I am using ray 1.10.0

  • stop all experiment if any trial raises an Exception (so i can fix the code and resume)
  • stop if my score gets -999
  • stop if the variable varcannotbezero gets 0

The following things i tried all failed in achieving desired behavior:

  • stop={“score”:-999,“varcannotbezero”:0}
  • max_failures=0
  • defining a Stoper class did also not work
class RayStopper(Stopper):
    def __init__(self):
        self._start = time.time()
        #self._deadline = 300
    def __call__(self, trial_id, result):
        self.score=result["score"]
        self.varcannotbezero=result["varcannotbezero"]
        return False
    def stop_all(self):
        if self.score==-999 or self.varcannotbezero==0:
            return True
        else:
            return False

Ray tune just continues to run

    wandb_project="ABC"
    wandb_api_key="KEY"
    ray.init(configure_logging=False)

    if current_best_params is None:
        algo = HyperOptSearch()
    else:
        algo = HyperOptSearch(points_to_evaluate=current_best_params,n_initial_points=n_initial_points)
    algo = ConcurrencyLimiter(algo, max_concurrent=1)

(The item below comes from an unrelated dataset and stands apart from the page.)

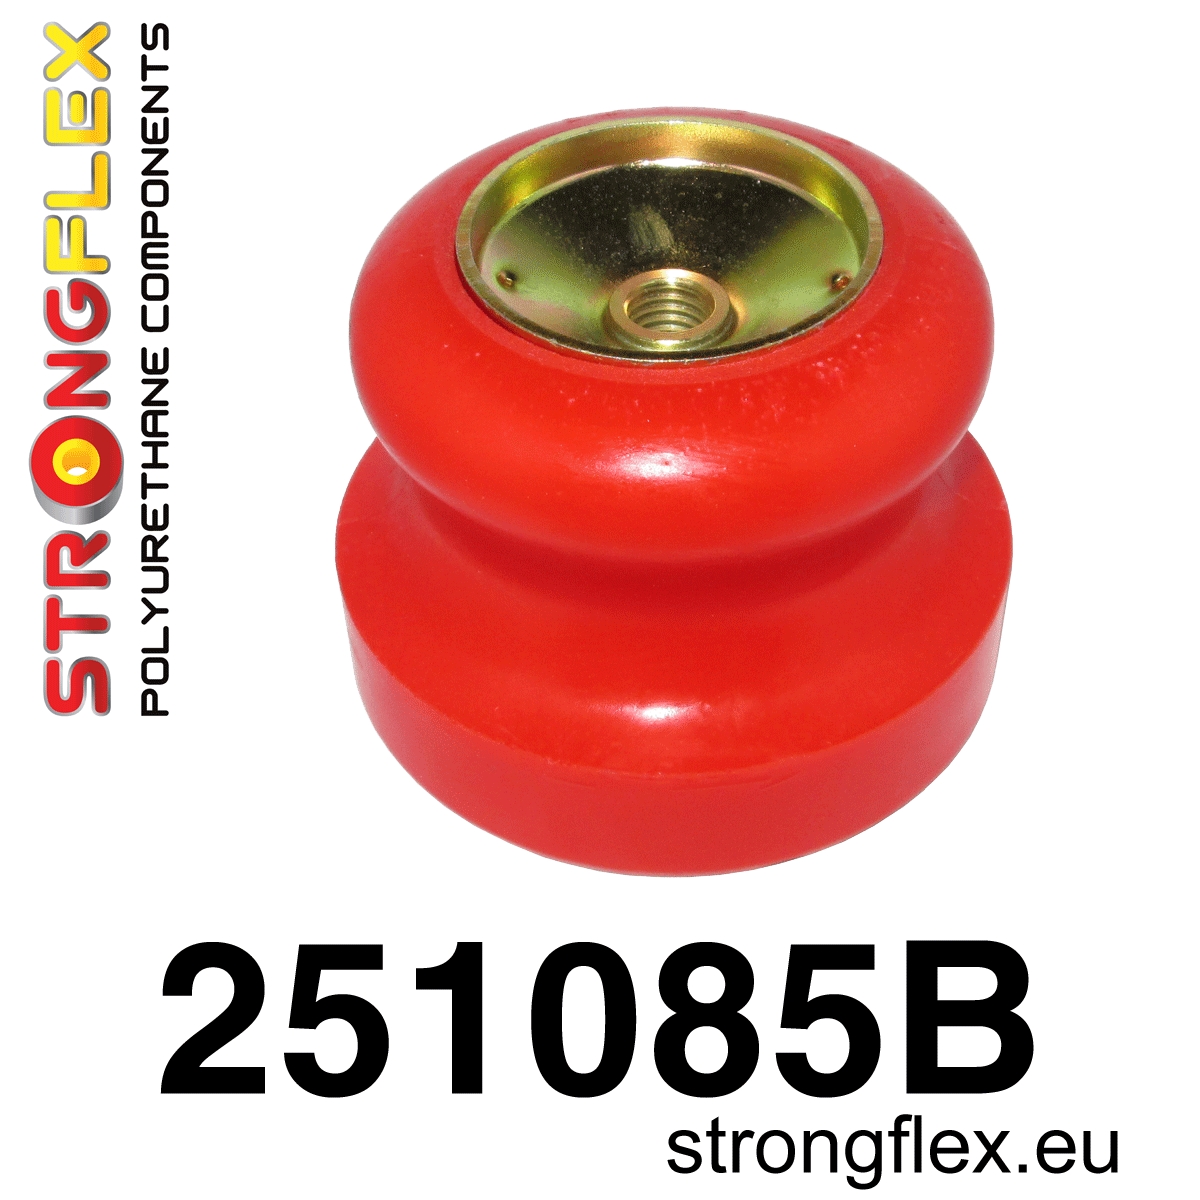 251085B: Suspension cone Mini

    scheduler = AsyncHyperBandScheduler()
    analysis = tune.run(
        tune_obj,
        name="Name",
        resources_per_trial={"cpu": 1},
        search_alg=algo,
        scheduler=scheduler,
        metric="score",
        mode="max",
        num_samples=10,
        stop={"score":-999,"varcannotbezero":0},
        max_failures=0,
        config=config,
        callbacks=[WandbLoggerCallback(project=wandb_project,entity="mycompany",api_key=wandb_api_key,log_config=True)],
        local_dir=local_dir,
        resume="AUTO",
        verbose=0
    )

Hey @wfskmoney, the args you have set for tune.run looks good to me.

Which stopping criteria is being met, but not. being honored? Do you also see the same behavior if you don’t have resume set?

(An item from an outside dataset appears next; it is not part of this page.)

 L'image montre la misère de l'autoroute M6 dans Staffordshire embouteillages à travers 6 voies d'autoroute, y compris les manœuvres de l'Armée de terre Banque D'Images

Do you also mind sharing your training function, and the most recent stdout?

my optimization functions calls a script in the background, i am wrapping tune around it.

@amogkam : I tried raising Errors inside of myscript() and inside of tune_obj, but neither stops the experiment

def evaluation_fn(config):
    paramDict={k:v for k,v in config.items() if k.startswith("HP_")}
    Trial=str(uuid.uuid4().int>>64)[0:16]
    # run script
    Result=myscript(Project,Trial,local_dir,window)
    return Result, Trial

def tune_obj(config,checkpoint_dir=checkpoint_dir):
    Result, Trial = evaluation_fn(config)
    if len(Result)==0:
        tune.report(score=-999.0,Backtest=Backtest,varcannotbezero=0)
        raise TuneError("ERROR: Result empty")
        # raise Exception("ERROR: Result empty")
    else:
        Result={f"Lower{k}":v[0] for k,v in Result.items()}
        tune.report(score=Result['score'],varcannotbezero=1,**Result)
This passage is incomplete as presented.